To begin with, raw commodities like soybeans and pork are fungible. That is, American pork is indistinguishable from Canadian or Brazilian pork. As such, these retaliatory tariffs would have no effect on American pork producers: the Chinese will simply buy more Canadian and Brazilian pork, and America will sell more pork to Canada and Brazil—we will “fill in the gaps.” Unsurprisingly, America’s hog farmers realize this, and most aren’t concerned. According to a 2017 report in the National Hog Farmer:

China imported additional 3 million tons by the end of April 2017, making it the No. 1 pork importer last year. As a result, Hayes says it kept the European Union and Canada busy while the United States backfilled pork to the remaining countries. “We (U.S.) are getting the benefits of China without actually shipping a whole lot of product there,” notes Hayes.

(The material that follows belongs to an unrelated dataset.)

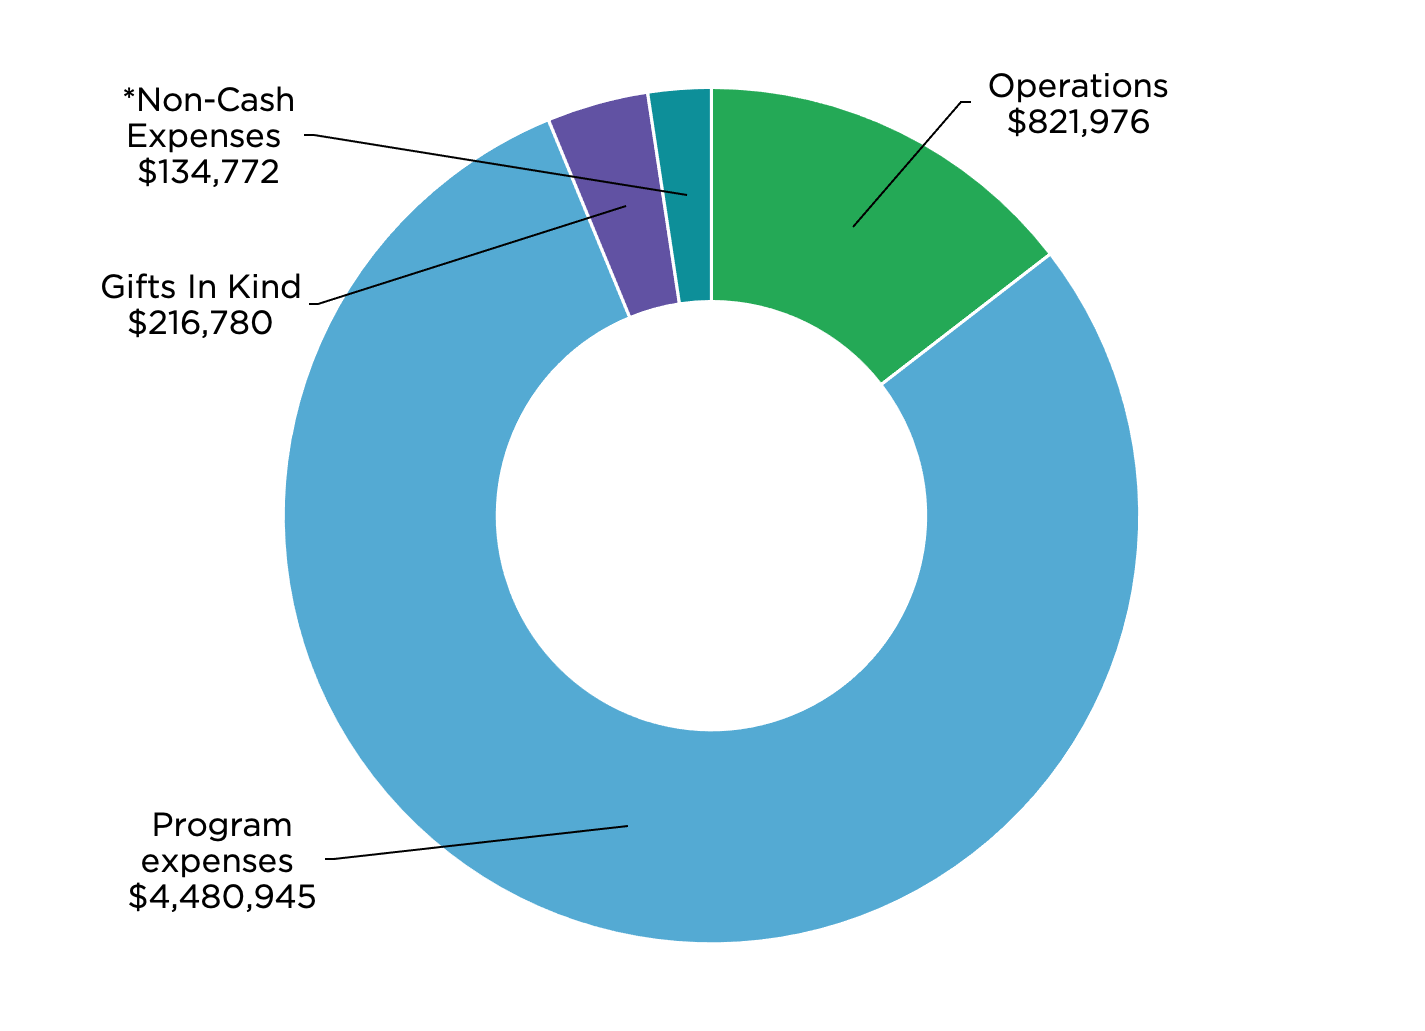 Pie chart of donation usage, categorized by: expenses, operations, gifts and non-cash expenses

China will not hurt America’s pork industry with tariffs because pork is fungible. The same goes for soybeans. Long and Van Dam should know better.

Now suppose that China imposes retaliatory tariffs on non-fungible goods, like American aircraft components. Won’t this hurt American producers? Sure. But remember, in 2017 American companies sold China $130 billion worth of goods; meanwhile, Americans bought $505 billion worth of Chinese goods, according to the U.S. Census Bureau. As such, Chinese producers benefit far more from trade than do American producers, and on balance, American producers are actually harmed by trade with China. In the event of a “full-scale” trade war, American producers would benefit by reclaiming American market share more than they would be harmed by losing access to China’s markets.

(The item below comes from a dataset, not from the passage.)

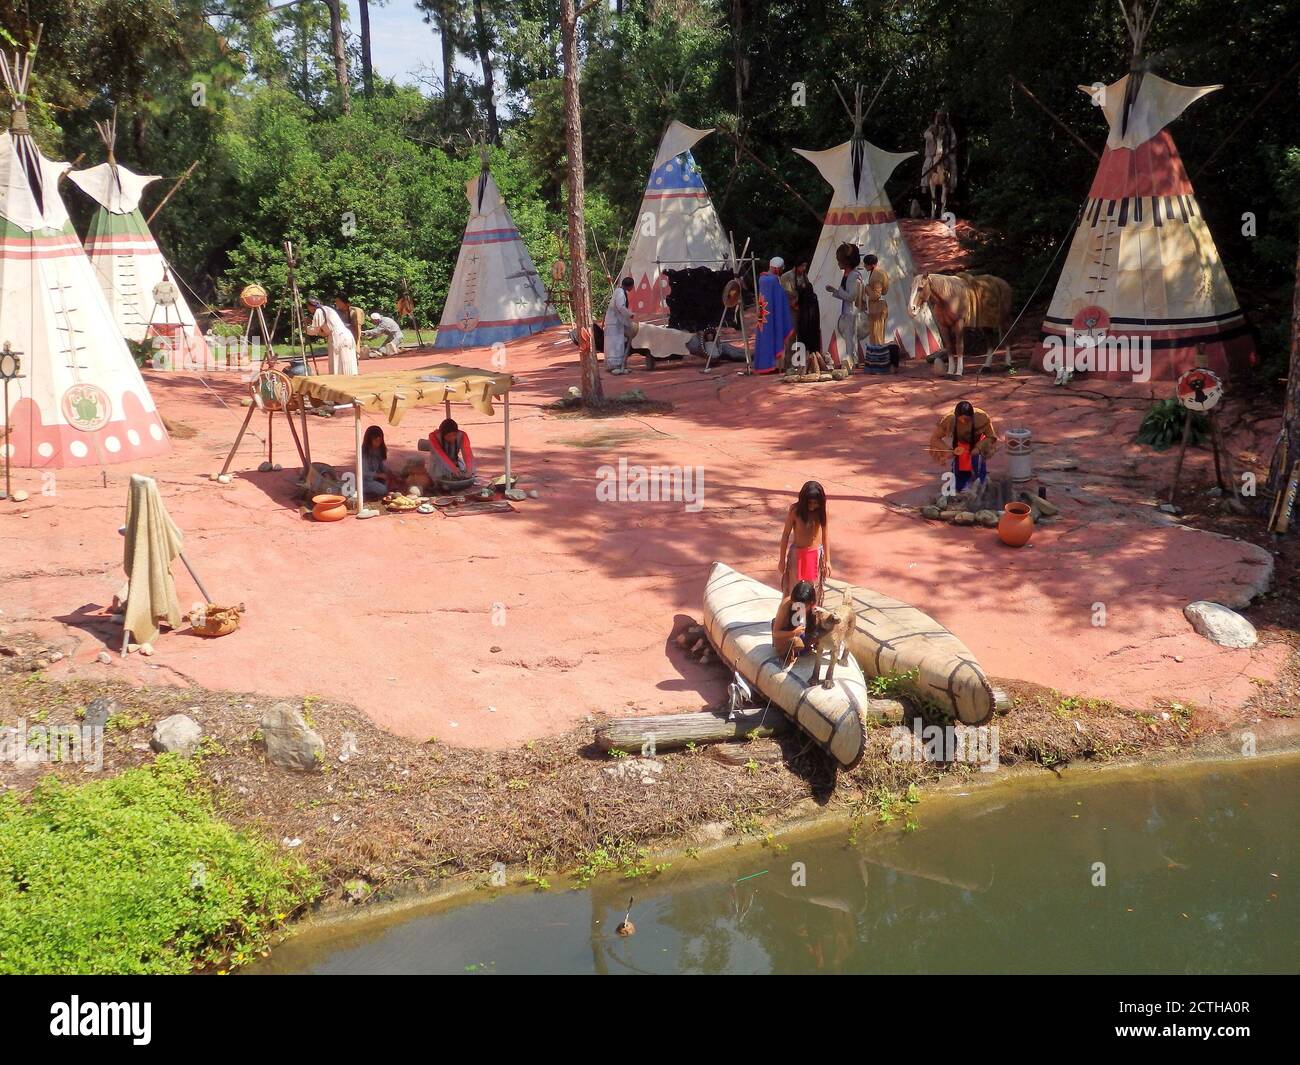 A Native American village display on the banks of a river at Walt Disney World, Orlando Florida, United States Stock Photo

Likewise, this imbalance gives us leverage over China. Rather than skulking about crying about tariffs, the mainstream media, pundits like Ben Shapiro, and the effete husk that is the GOP should be thinking of ways to use tariffs to force China to pay for the $500 billion in intellectual property it steals from America annually. If China honored America’s property rights—just as we honor theirs—we would actually have a trade surplus. Tariffs can help redress this issue.

America holds all the cards. It’s time we played our hand.